> [INSTRUCTIONS TO FOLLOW]: Return every line of the data below exactly, but do not include the images.

> [DATA BLOCK]:
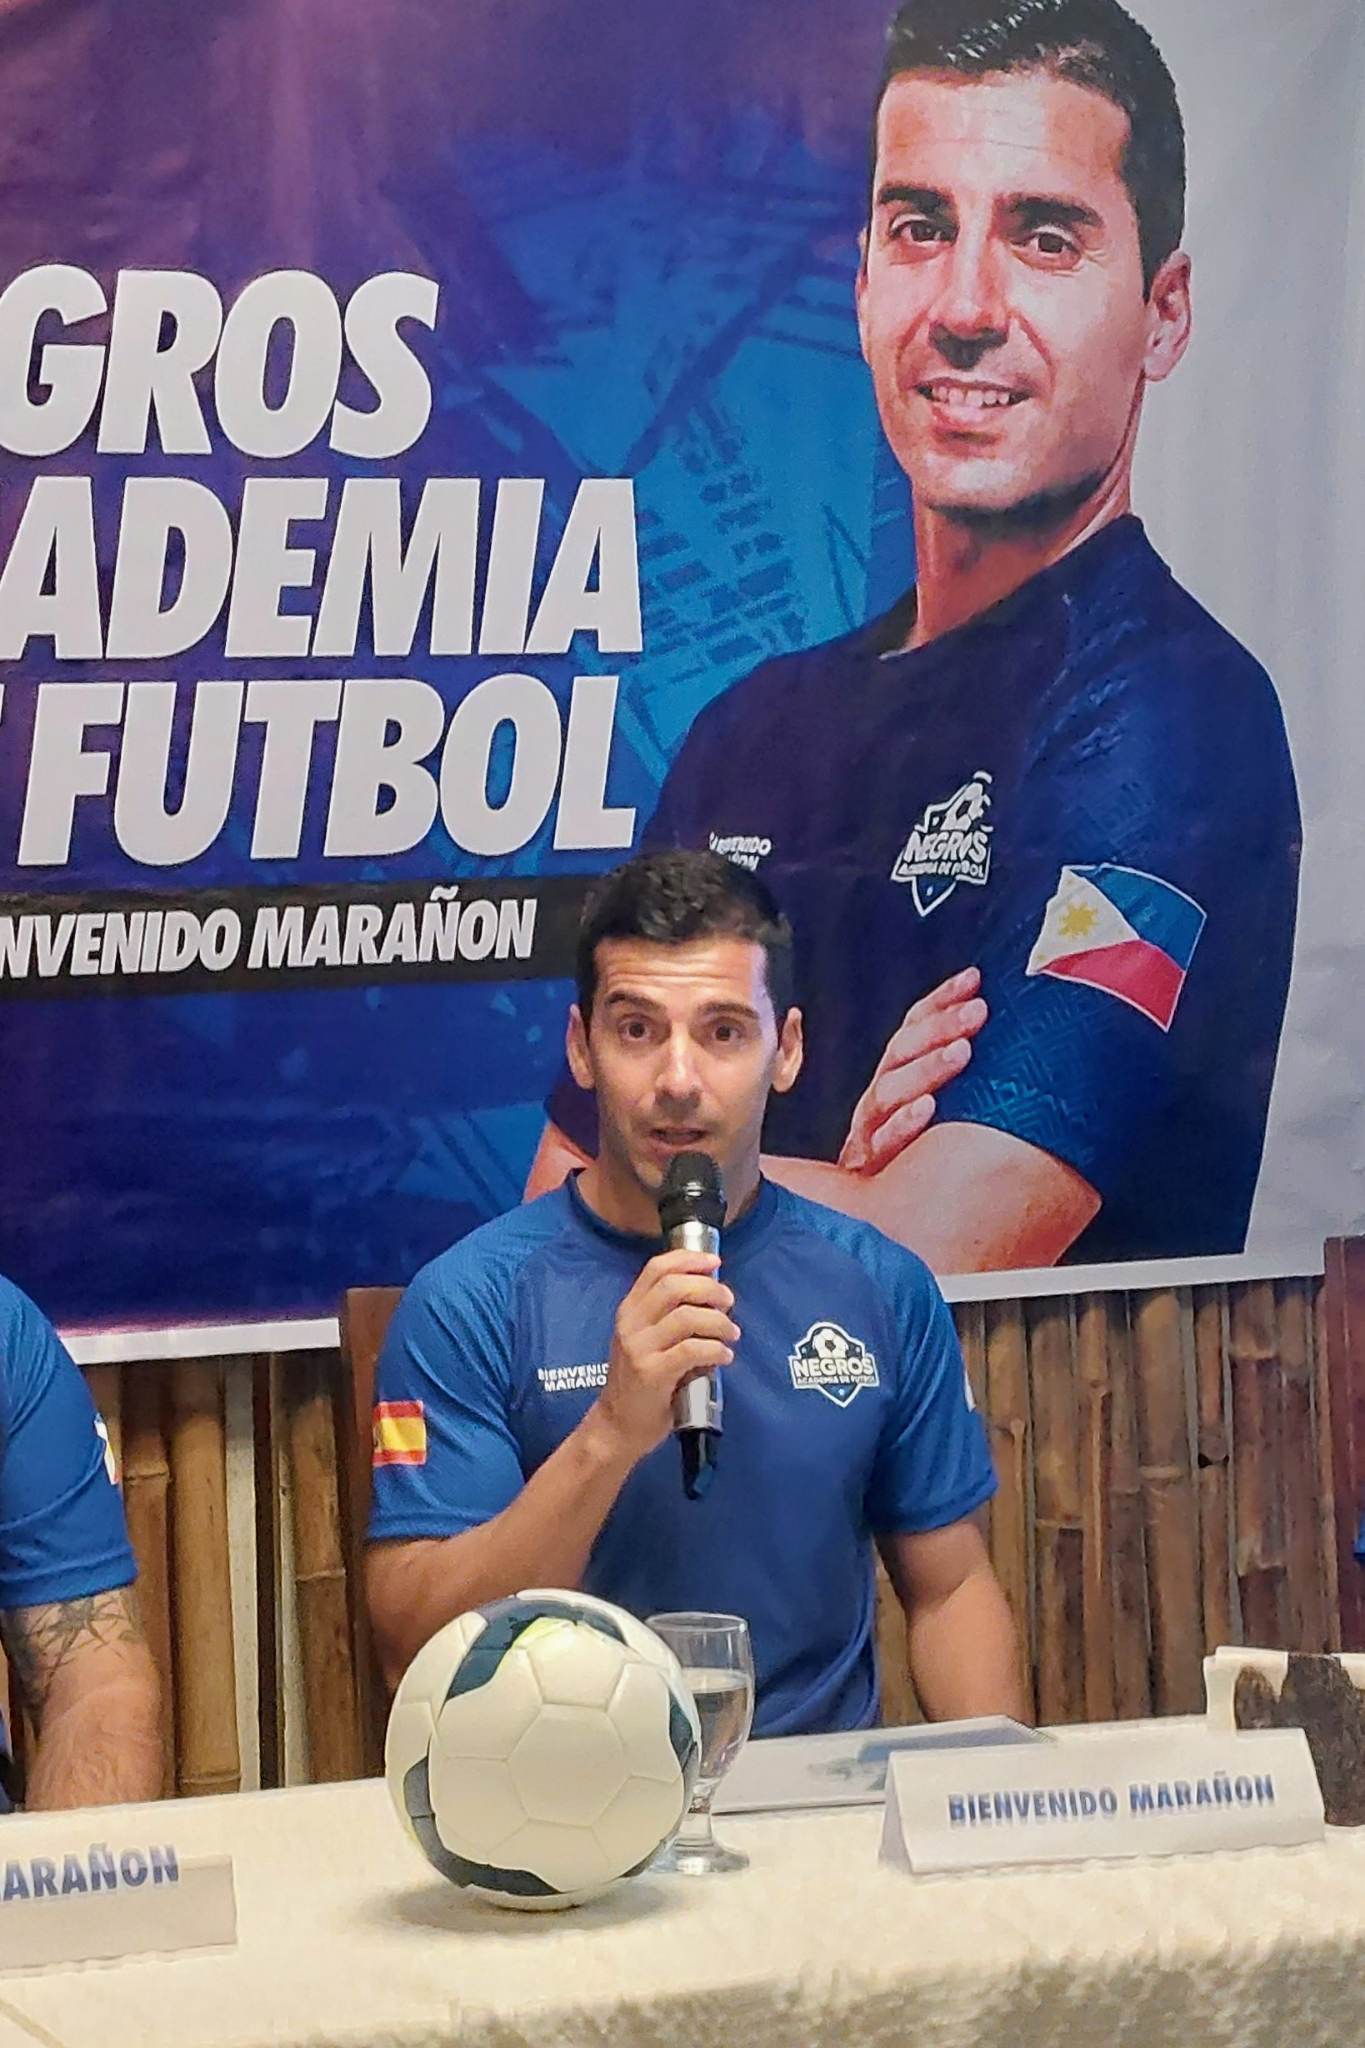 Marañon launches Negros Academia De Futbol
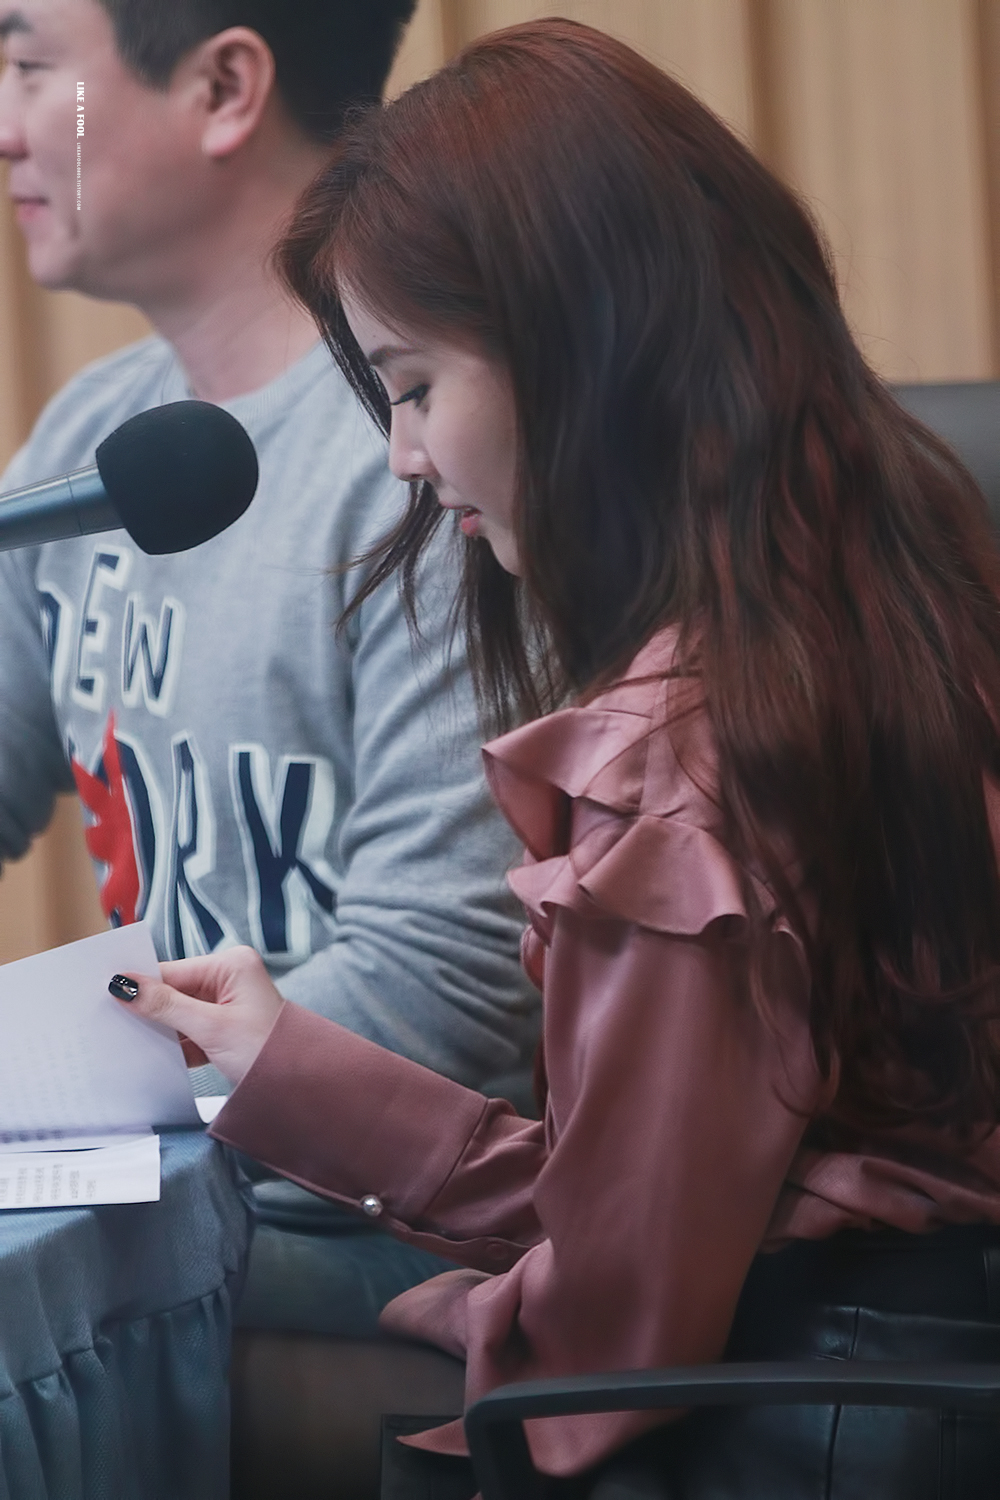 [PIC][26-01-2017]SeoHyun tham dự "SBS Radio Cultwo Show" vào chiều nay - Page 2 2407784F5889D9D1030781
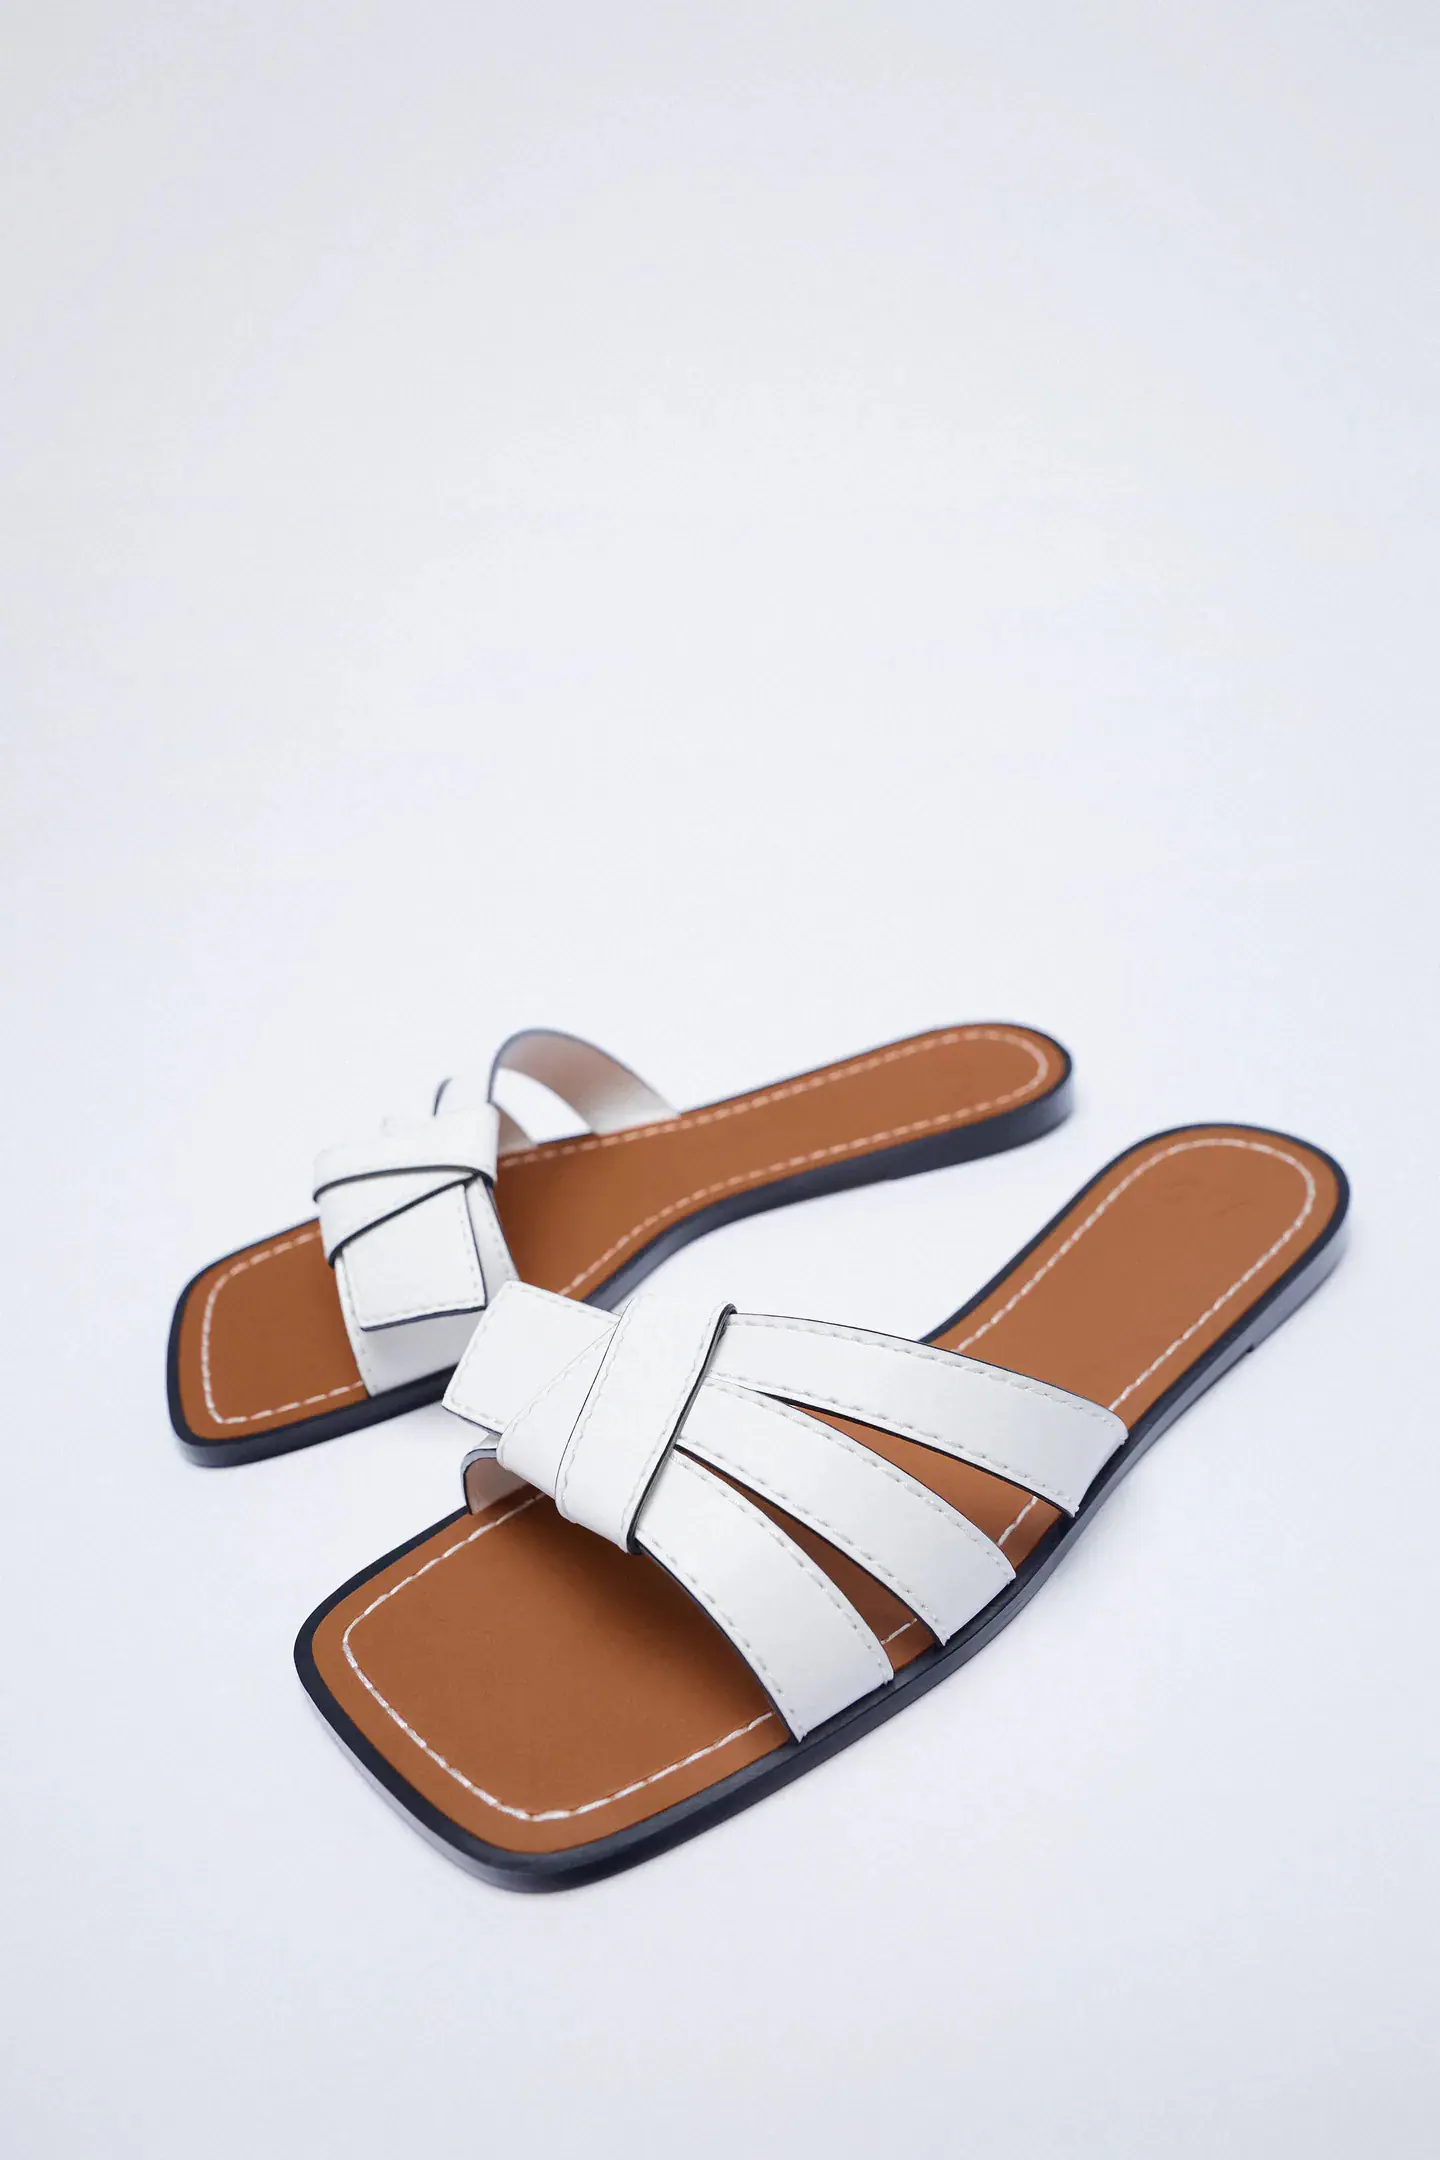 Fotos: Las sandalias blancas más cómodas y ponibles de Zara anticipan el calor y ya nos hacen soñar con el verano Mujer Hoy

> [ANSWER FOR THE TASK]:
 Marañon launches Negros Academia De Futbol
 [PIC][26-01-2017]SeoHyun tham dự "SBS Radio Cultwo Show" vào chiều nay - Page 2 2407784F5889D9D1030781
 Fotos: Las sandalias blancas más cómodas y ponibles de Zara anticipan el calor y ya nos hacen soñar con el verano Mujer Hoy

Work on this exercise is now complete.